Diet soda has been linked to a higher risk of developing type 2 diabetes than regular soda sweetened with an average of 8 teaspoons of sugar per can.
Whether the risk is related to the artificial sweetener aspartame or some other factor, has yet to be determined.
A study of French women, published in the current issue of the American Journal of Clinical Nutrition and an accompanying press release issued Feb. 7 by INSERM, the French National Institute for Health and Medical Research, explains the research.
Previous research has shown that one of the most common sweeteners, aspartame, has a similar effect on blood sugar and insulin levels as the sugar in regular sodas. “Contrary to conventional thinking, the risk of diabetes is higher with ‘light’ beverages compared with ‘regular’ sweetened drinks,”
the National Institute of Health and Medical Research (Inserm) said. Researchers led by Francoise Clavel-Chapelon and Guy Fagherazzi of INSERM evaluated information from over 66,000 middle-aged French women born between 1925 and 1950 over 14 years between 1993 and 2007 to investigate how the choices they made with regard to beverages affected their risk of diabetes. They divided the women into three groups; those who drank regular soda, those who drank artificially sweetened sodas and those who drank only unsweetened fruit juice.
Compared with the group of women who drank only juice women who drank either type of soda had a higher incidence of diabetes.
The increased risk was about a third for those who drank up to 359 millilitres (12 US ounces) of soda per week, and more than double among those who drank up to 603 ml (20 ounces) per week.
Those who drank diet sodas had an even greater risk of developing diabetes than their regular soda-drinking peers. The risk was 15 percent higher for consumption of 500 ml (16.9 ounces) per week, and 59 percent higher for consumption of 1.5 litres (50 ounces) per week.
The study found no increase in diabetes among women who drank only 100-percent fruit juice, compared with non-consumers of sweet beverages, i.e. those who drank only plain water and unsweetened tea and coffee.
The authors noted that women who chose the diet versions of soda tended to drink more of it, around 2.8 glasses a week on average compared to 1.6 glasses by women who drank the regular soda. When the researchers compared women who drank an equal amount of either soda, they found that the risk of developing diabetes was still greater for women who drank diet sodas.
The study authors admitted that the study was limited and urged that further research be conducted to ascertain whether there was a causal link between artificially sweetened beverages and increased risk of diabetes.

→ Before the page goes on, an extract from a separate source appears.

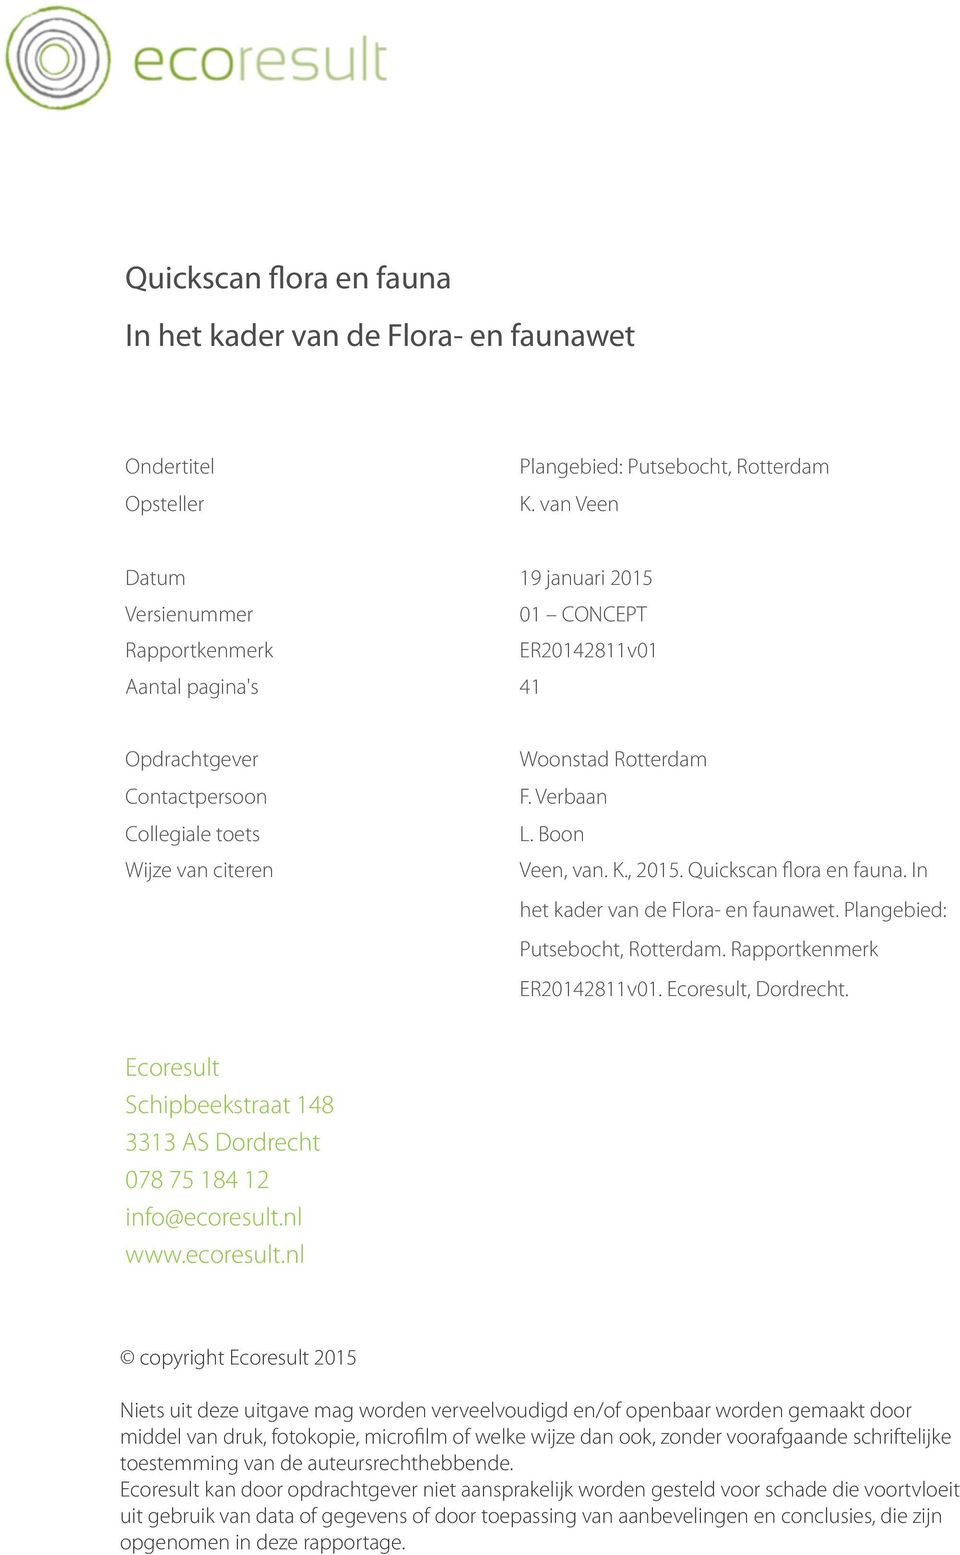 Boon Veen, van. K., 2015. Quickscan flora en fauna. In het kader van de Flora- en faunawet. Plangebied: Putsebocht, Rotterdam. Rapportkenmerk ER20142811v01. Ecoresult, Dordrecht.

In the press release, the study authors explain some possible mechanisms for how these results might have occurred.
Several mechanisms can explain the increased risk of diabetes associated with high consumption of sweetened soft drinks:
“Firstly, in terms of calories, these drinks are no substitute for solid food because sweet soft drinks are not sufficiently satiating (so the calories in sweet soft drinks are added to the calories in solid food). Furthermore, the sugars contained in sweetened drinks produce an insulin peak reaction and repeated peaks of this kind can result in greater insulin resistance.
“With respect, in particular, to ‘light’ or ‘diet’ drinks, the relationship with diabetes can be explained partially by a greater craving for sugar in general by female consumers of this type of soft drink. Furthermore, aspartame, one of the main artificial sweeteners used today, causes an increase in glycæmia and consequently a rise in the insulin level in comparison to that produced by sucrose.”

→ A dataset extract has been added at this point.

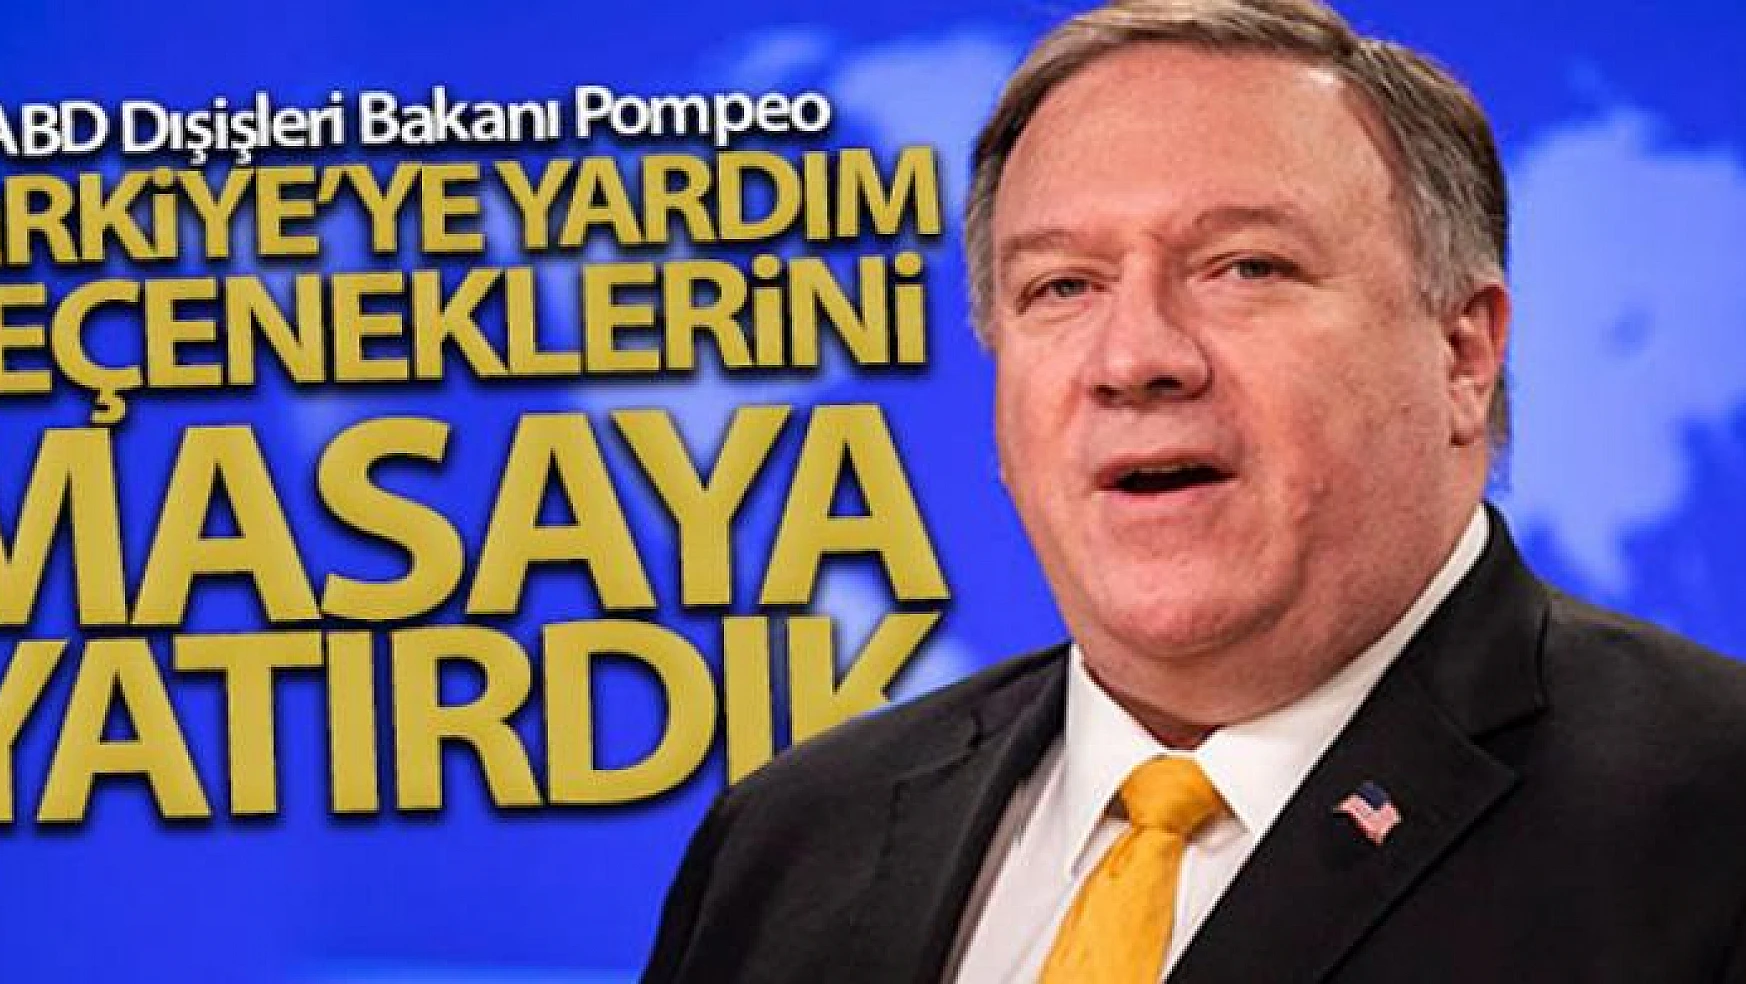 ABD Dışişleri Bakan Pompeo: 'Türkiye'ye yardım seçeneklerini masaya yatırdık'

“Information on beverage consumption was not updated during the follow-up, and dietary habits may have changed over time,” the paper said.
“We cannot rule out that factors other than ASB (artificially sweetened beverages)… are responsible for the association with diabetes.”
It is also possible that women who choose diet sodas are more likely to have pre-existing metabolic disorders, including obesity, insulin resistance and metabolic syndrome or that other dietary choices may play a role.
The study took into consideration the women’s age and body size, but did not keep close track of their eating habits during the study period and whether their dietary habits changed.
Diabetes is a burgeoning problem for both the developed and developing worlds with 347 million people worldwide having the condition according to the World Health Organisation.
Diabetes is a chronic disease which occurs when either the pancreas does not produce enough insulin to effectively control blood glucose levels or when the body does not respond adequately to the insulin produced.
Type 2 diabetes is associated with the former phenomenon and is frequently associated with excess body weight, overconsumption of calories, inadequate physical activity and stress. Type 1 diabetes is associated with the latter phenomenon and typically occurs during childhood, though rarely it can begin later in life. It requires pharmaceutically manufactured insulin to be injected into the body to replace the insulin that the body should be producing, but isn’t.
Over time, both forms of the disease if inadequately managed can cause damage to nearly every body system including the heart, blood vessels, eyes, kidneys, liver and nerves. The disease is known to increase the risk of heart disease, kidney failure, fatty liver disease, stroke and blindness.